Pola Regio
- Pola Regio is located at the right side of 243 Ida. The small object to the right is Ida's moon Dactyl
- Feature type: Region
- Location: 243 Ida
- Coordinates: 11°00′S 176°00′W﻿ / ﻿11.00°S 176.00°W
- Diameter: 8 kilometres (5.0 mi)
- Discoverer: Galileo
- Naming: Pula, Croatia

= Pola Regio =

Region on asteroid 243 Ida

Pola Regio is a geological structure on 243 Ida, a main belt asteroid. It was named after Pula (Pola), the place where Austrian astronomer Johann Palisa discovered Ida on 29 September 1884; this name was officially approved by the International Astronomical Union (IAU) in 1997. It is located on Ida's 180° E end, antipodal to Vienna Regio.

== Characteristics ==
Pola Regio lacks the heavily degraded impact craters that characterize much of Ida's surface.

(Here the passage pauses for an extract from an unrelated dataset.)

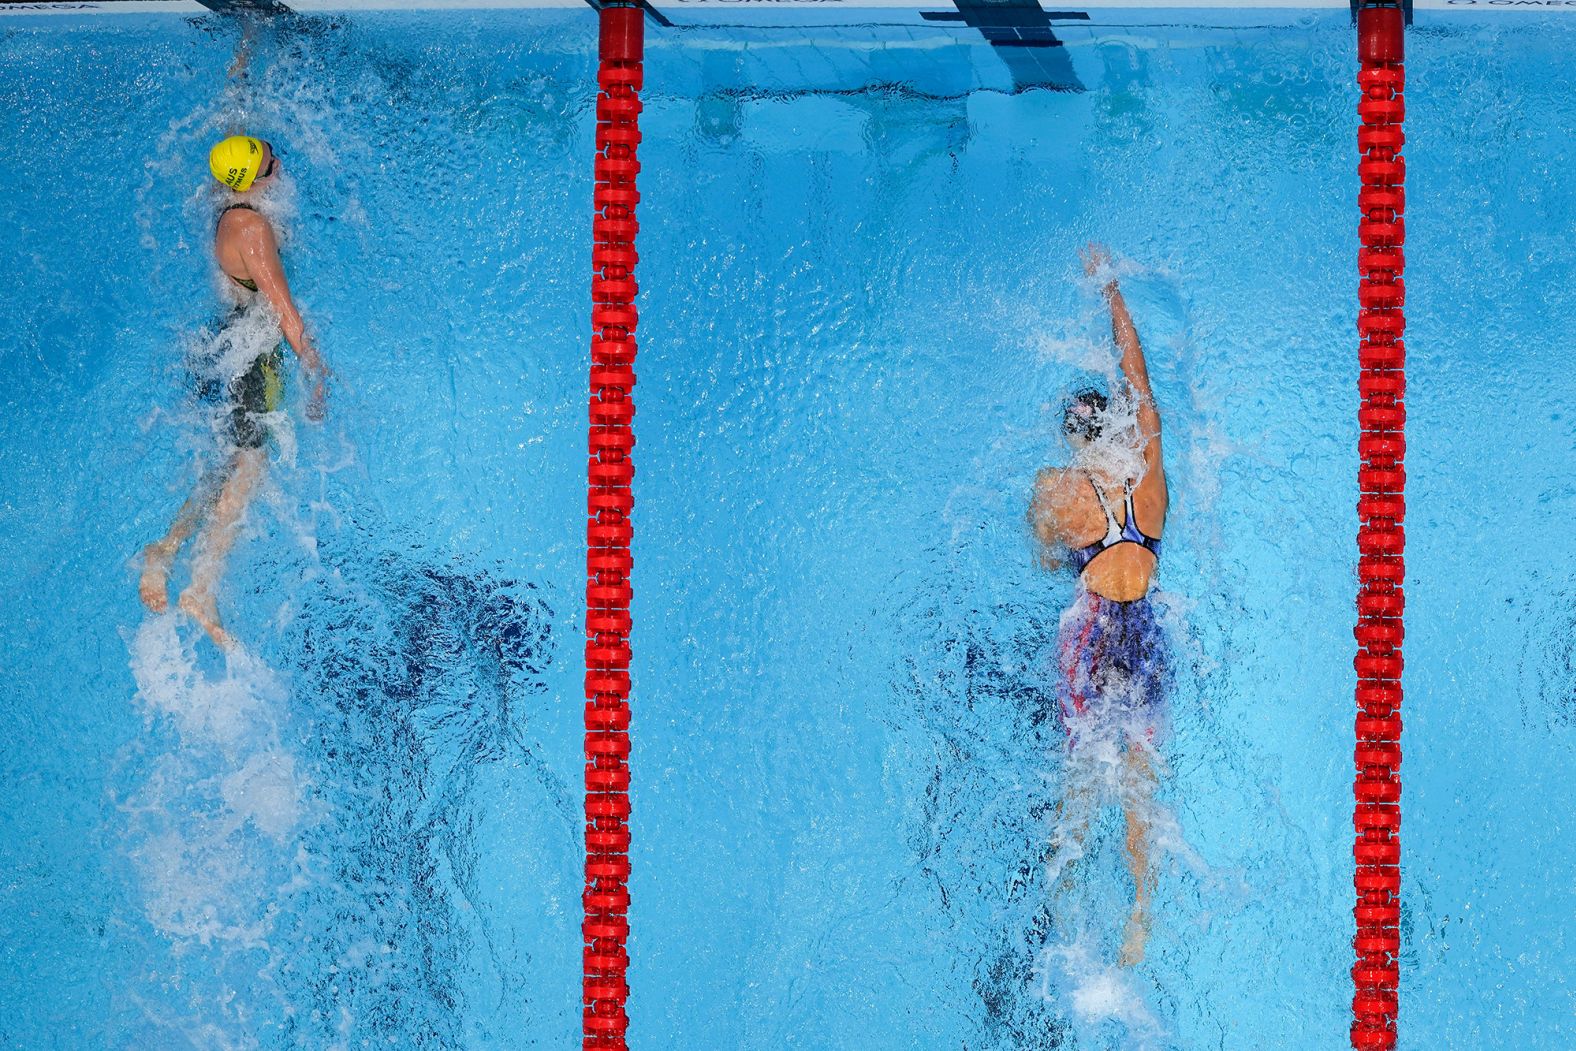 Australian swimmer Ariarne Titmus edges the United States' Katie Ledecky <a href="https://www.cnn.com/world/live-news/tokyo-2020-olympics-07-25-21-spt/h_0a7792e857fef154a53104963ec8a53d" target="_blank">to win the 400-meter freestyle</a> on July 26. It's the first Olympic medal for Titmus, the defending world champion in the event. Ledecky won the event at the 2016 Olympics, where she set a world record that still stands today.

The region is located in a distinct region of Ida that hosts several large impact craters, possibly pointing to a structural dichotomy of the asteroid. It has several groove features and a generally disrupted nature. The grooves appear as roughly parallel sets of troughs and pit chains, similar to the larger grooves on Mars's moon Phobos. Groove features on asteroids may form due to seismic shocks from large impact events that create fractures, though the degree of fracturing depends heavily on the asteroid's internal structure.

On the opposite end of Ida, close to the 0° E meridian, is Vienna Regio. Vienna Regio is characterized by a large concave depression, which likely represents a degraded impact crater despite lacking an intact crater rim. In 1996, a team of astronomers led by Erik Asphaug proposed that the impact that created the Vienna Regio depression is likely responsible for the grooves of Pola Regio, as seismic waves from the impact event would concentrate within Pola Regio. Seismic waves from the impact that created the roughly 10 km large Azzura also focus on Pola Regio, though to a much weaker degree. However, energy from the Azzura impact may have helped reopen fractures created by the Vienna Regio impact. Alternatively, Ida may be a fragment of a larger asteroid that created the Koronis family, the fractures instead resulting from the breakup of the Koronis parent asteroid. Regardless, if the grooves are from the result of an impact, then Ida cannot be a rubble pile asteroid as the rubble would have absorbed the seismic energy. However, this runs contrary to other astronomers' interpretations that Ida is a rubble pile asteroid.